Exercise
The required output is the exact text of the lines from the line containing "PSCV-bene-wo-27" through the final line below, inclusive, without pictures.

Supplied data
•••••
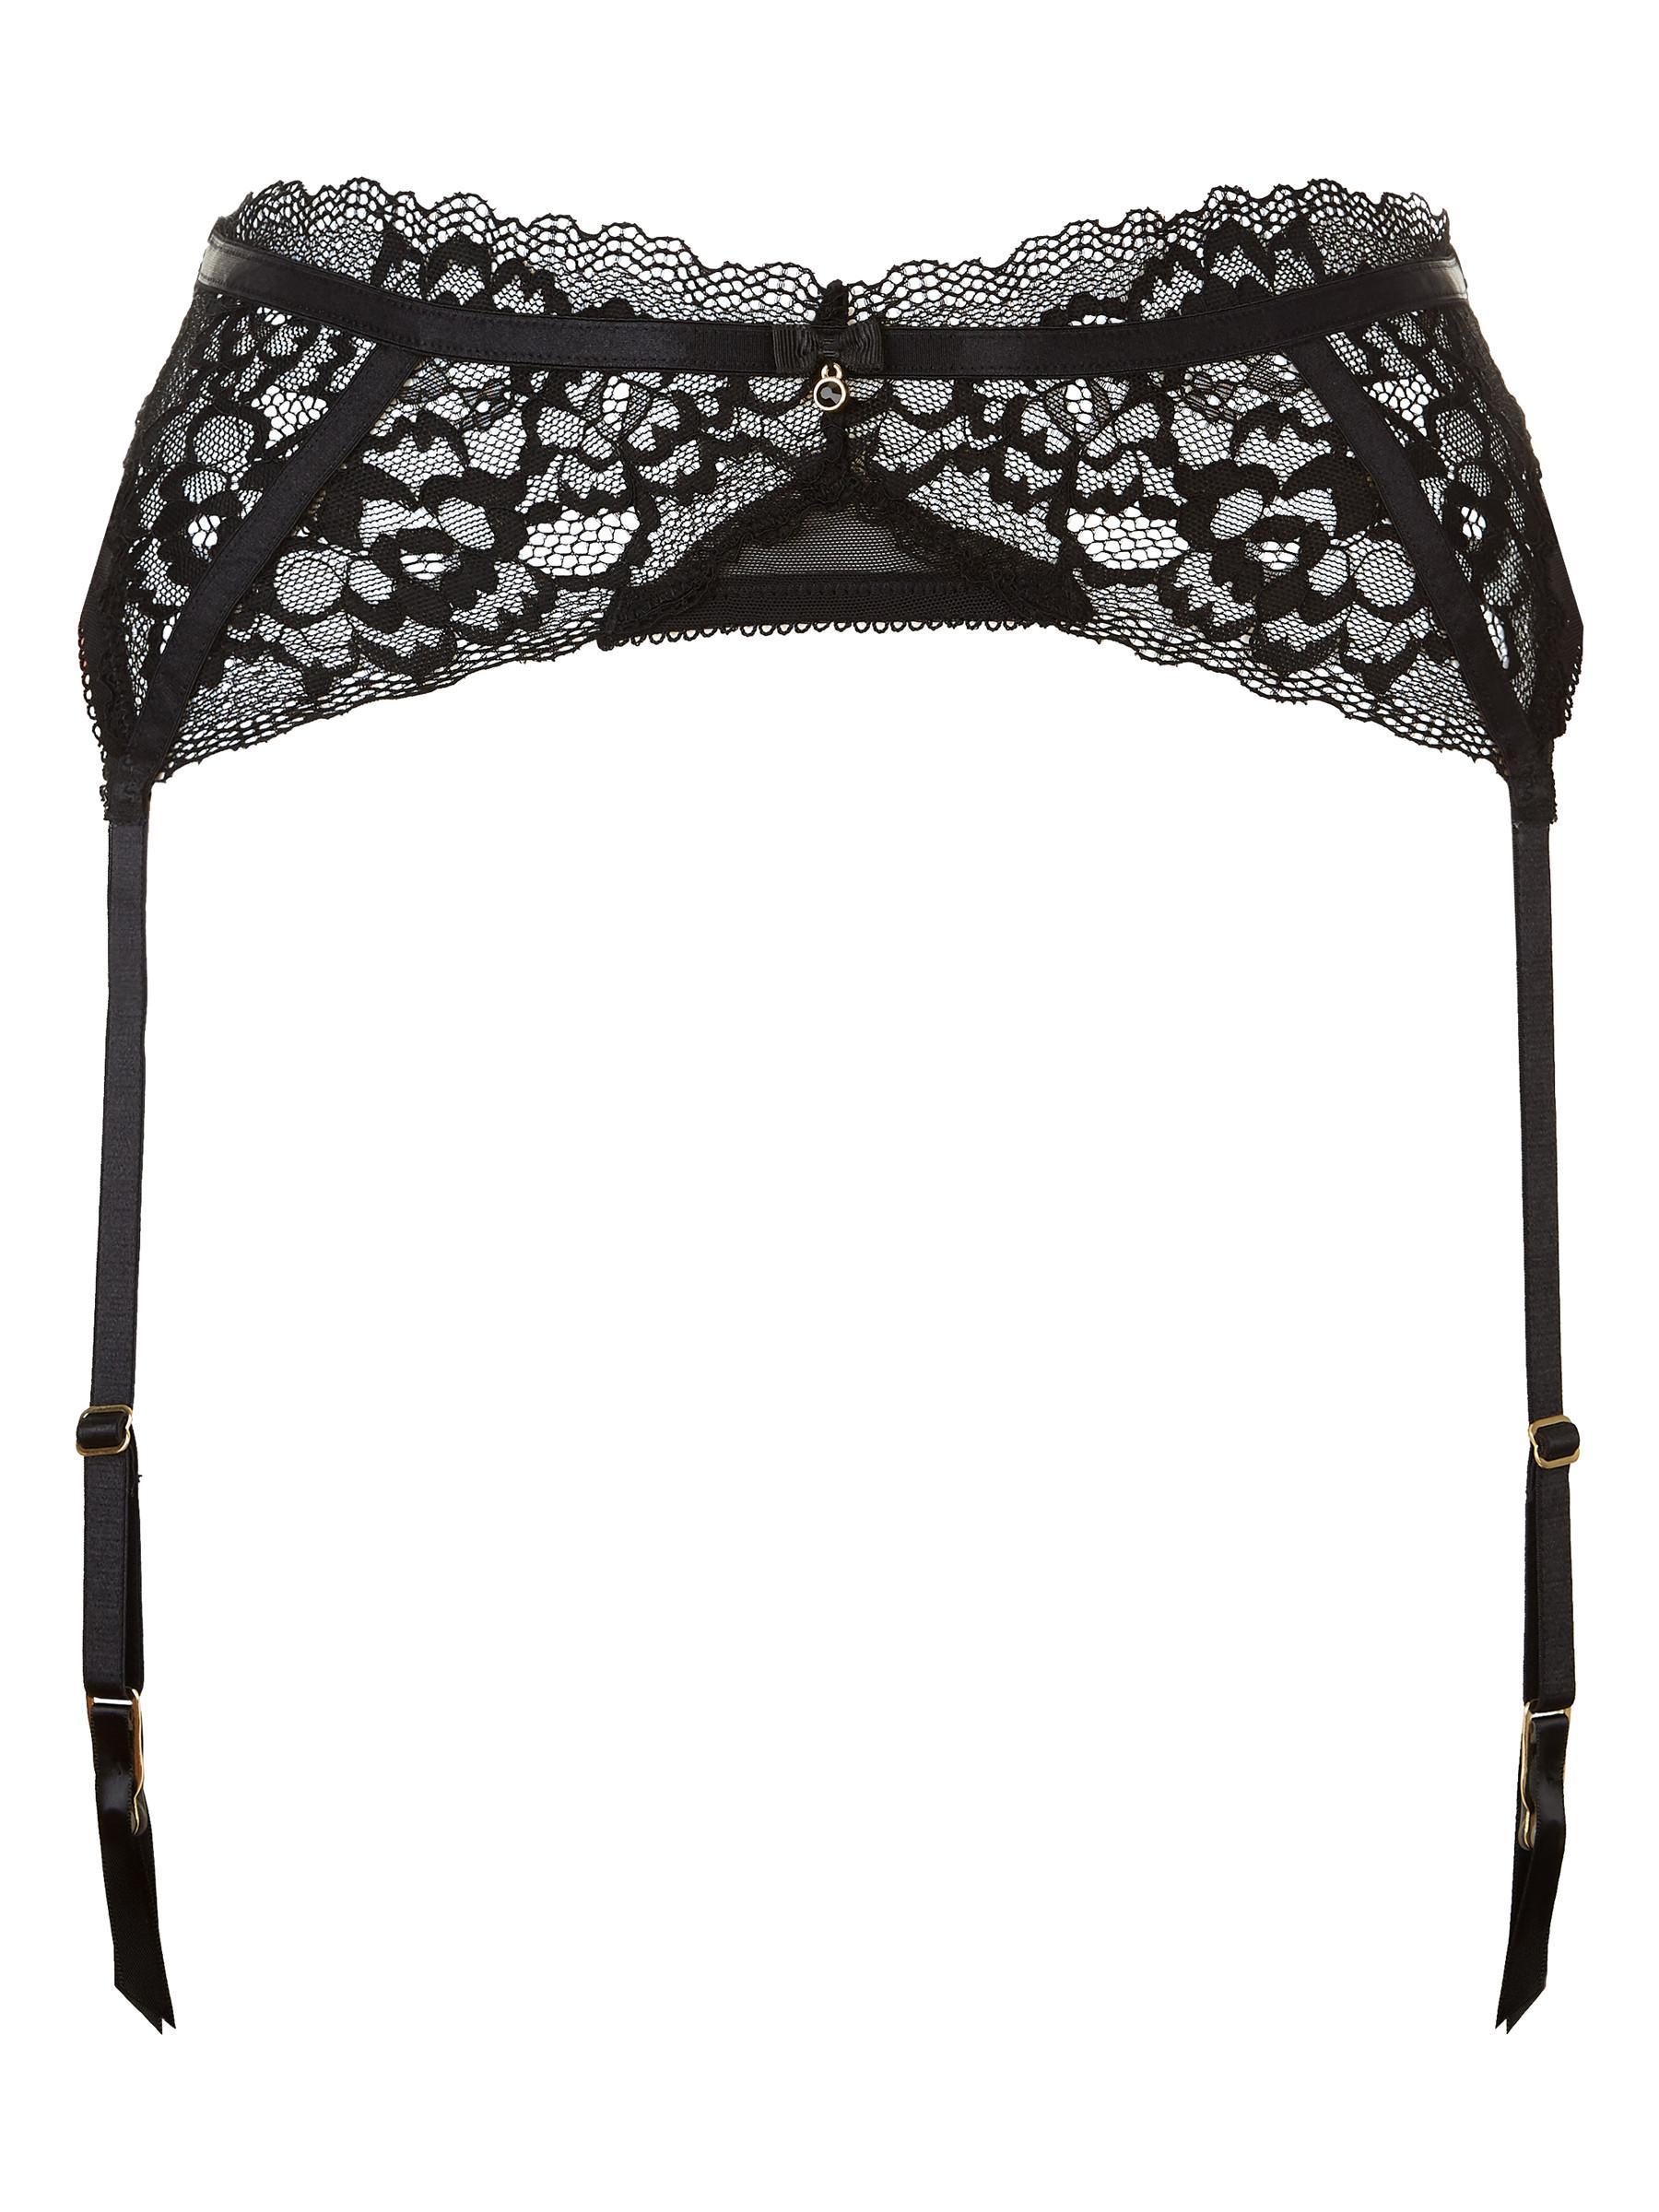 d0f1f19d4 Ann Summers Flirtini Suspender Belt 6 14 16 18 20 22 24 Brand New With Tags  ...
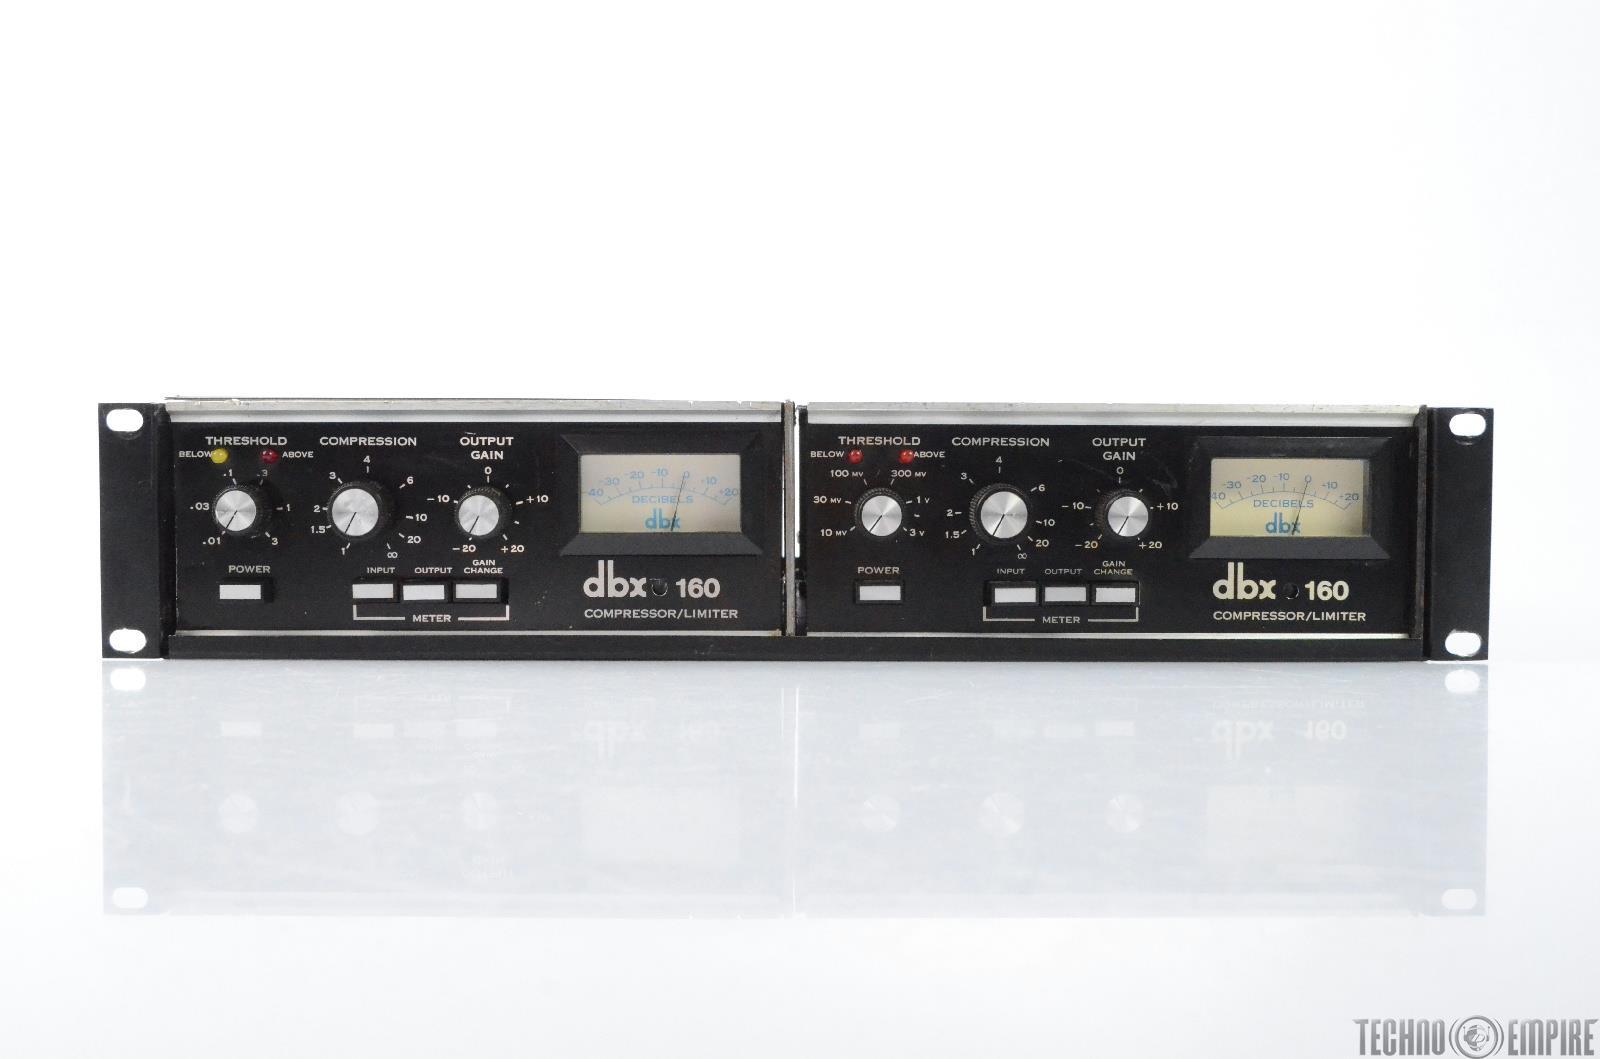 2 Vintage DBX 160 Compressor Limiters VU Meters Grandmaster Recorders #28736
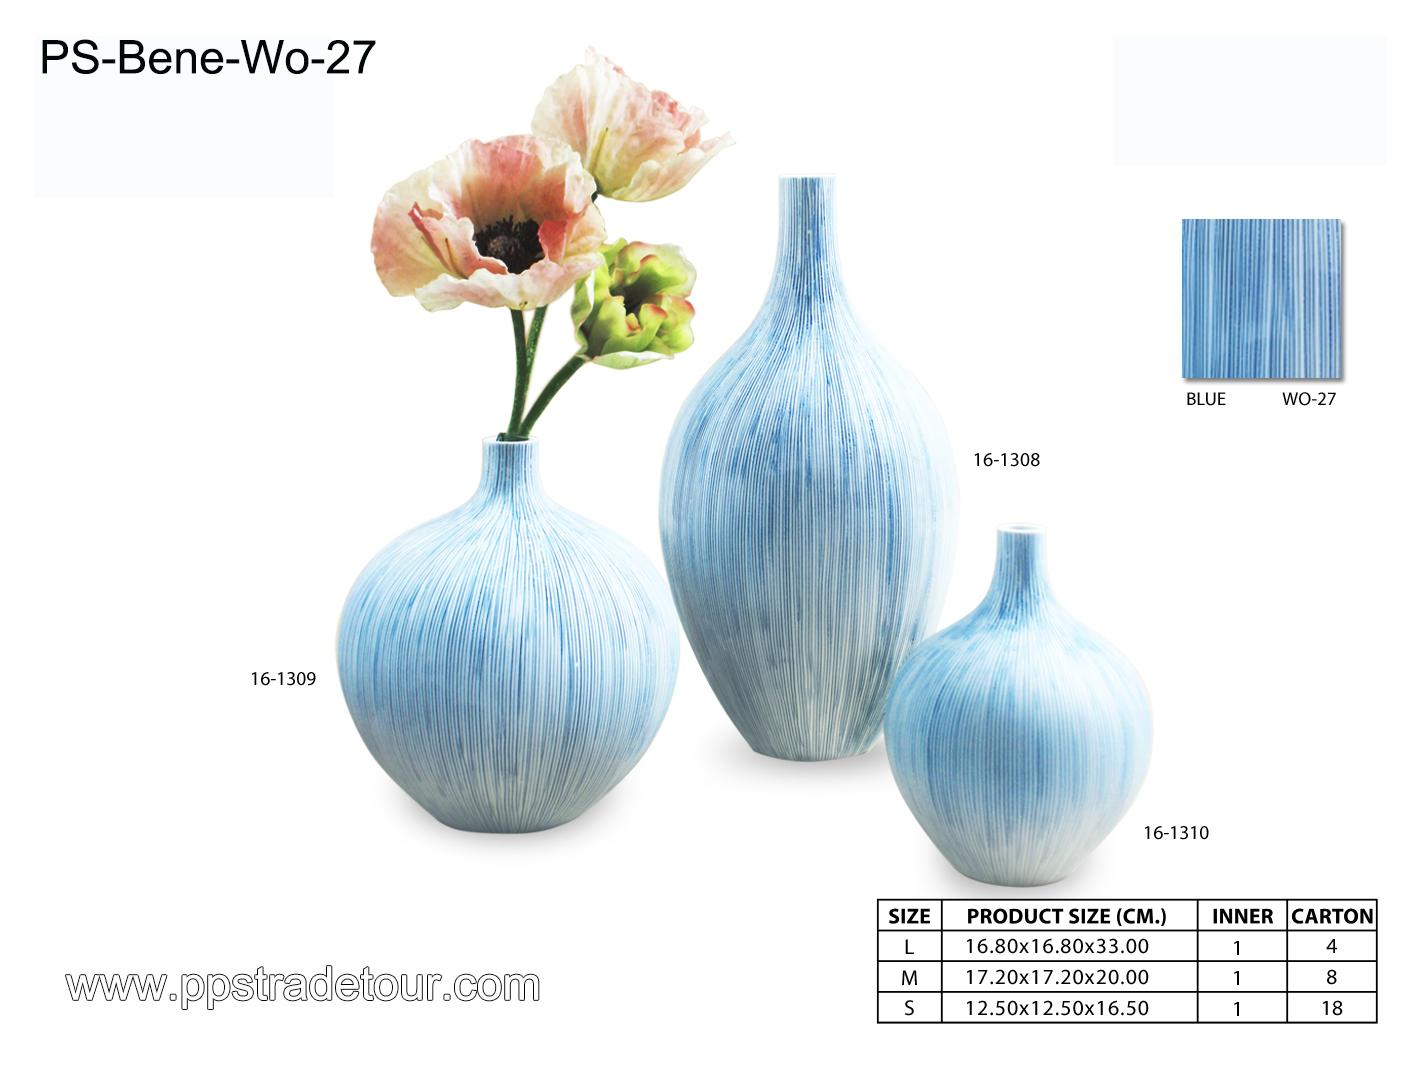 PSCV-bene-wo-27
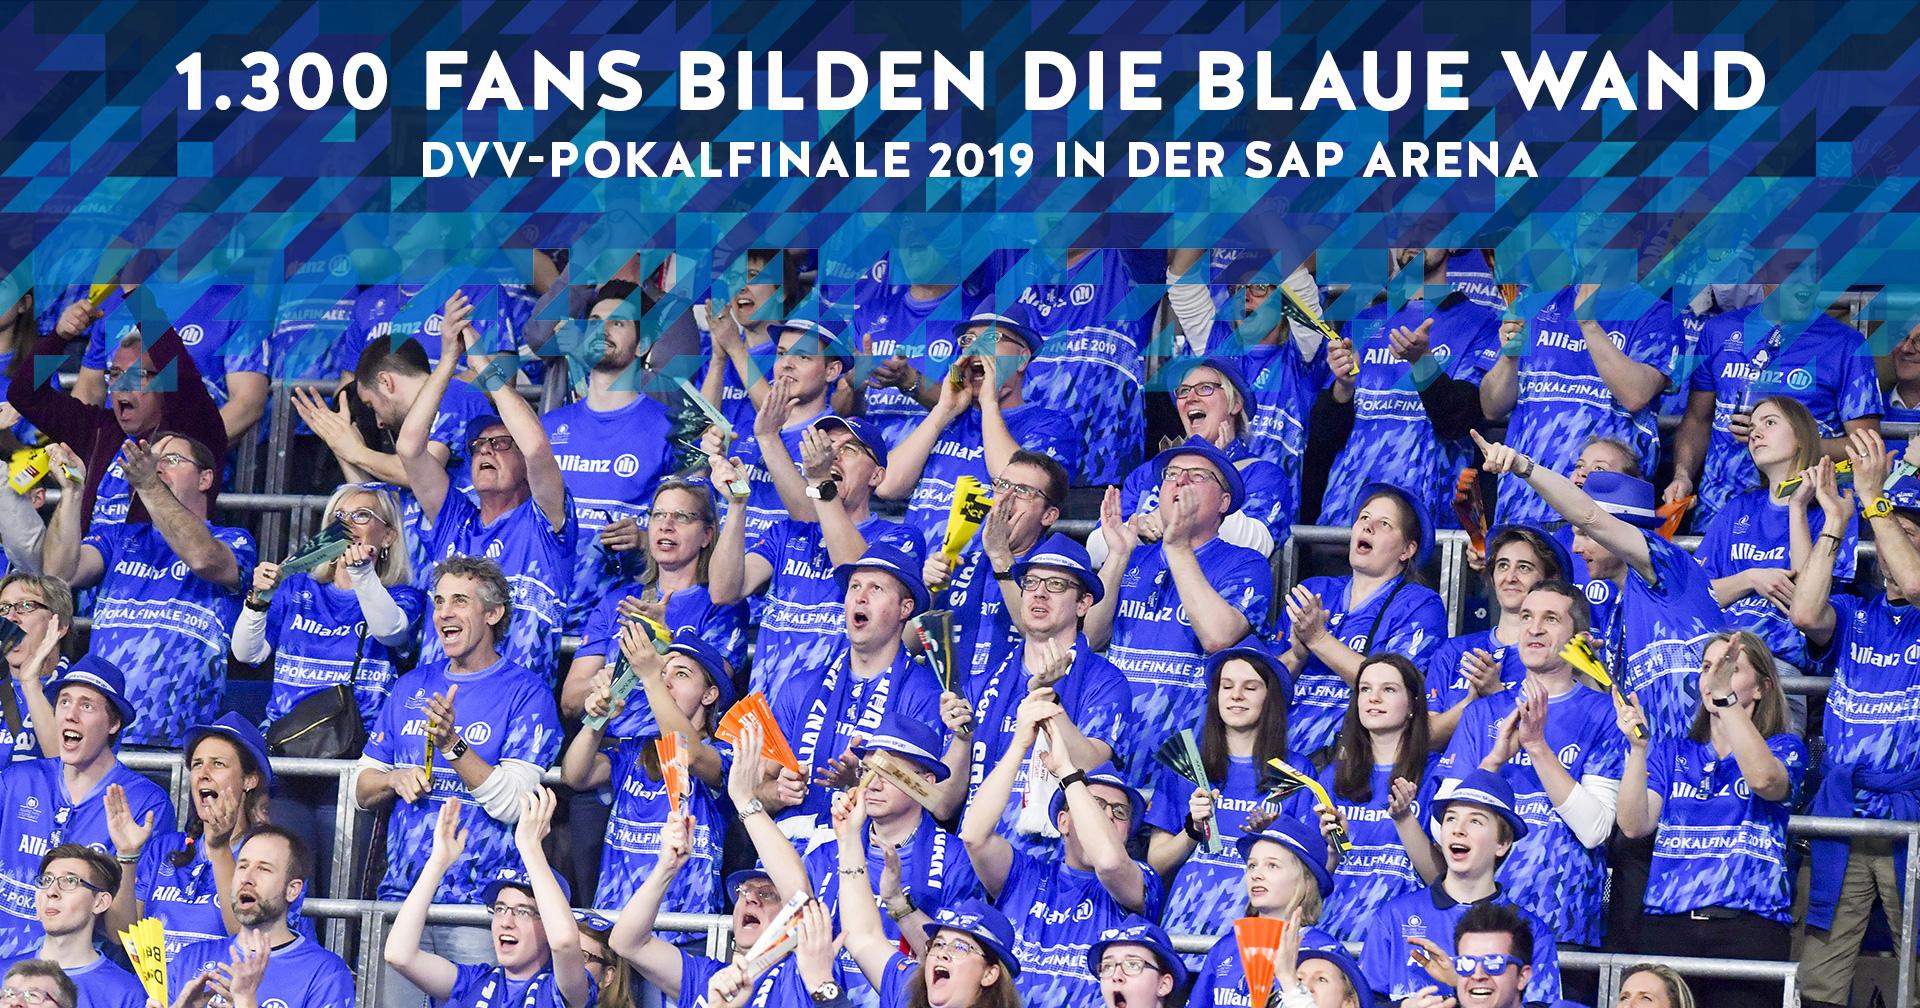 Rekord: Riesiger blauer Fanblock beim Pokalfinale
•••••
Solution to this task
 PSCV-bene-wo-27
 Rekord: Riesiger blauer Fanblock beim Pokalfinale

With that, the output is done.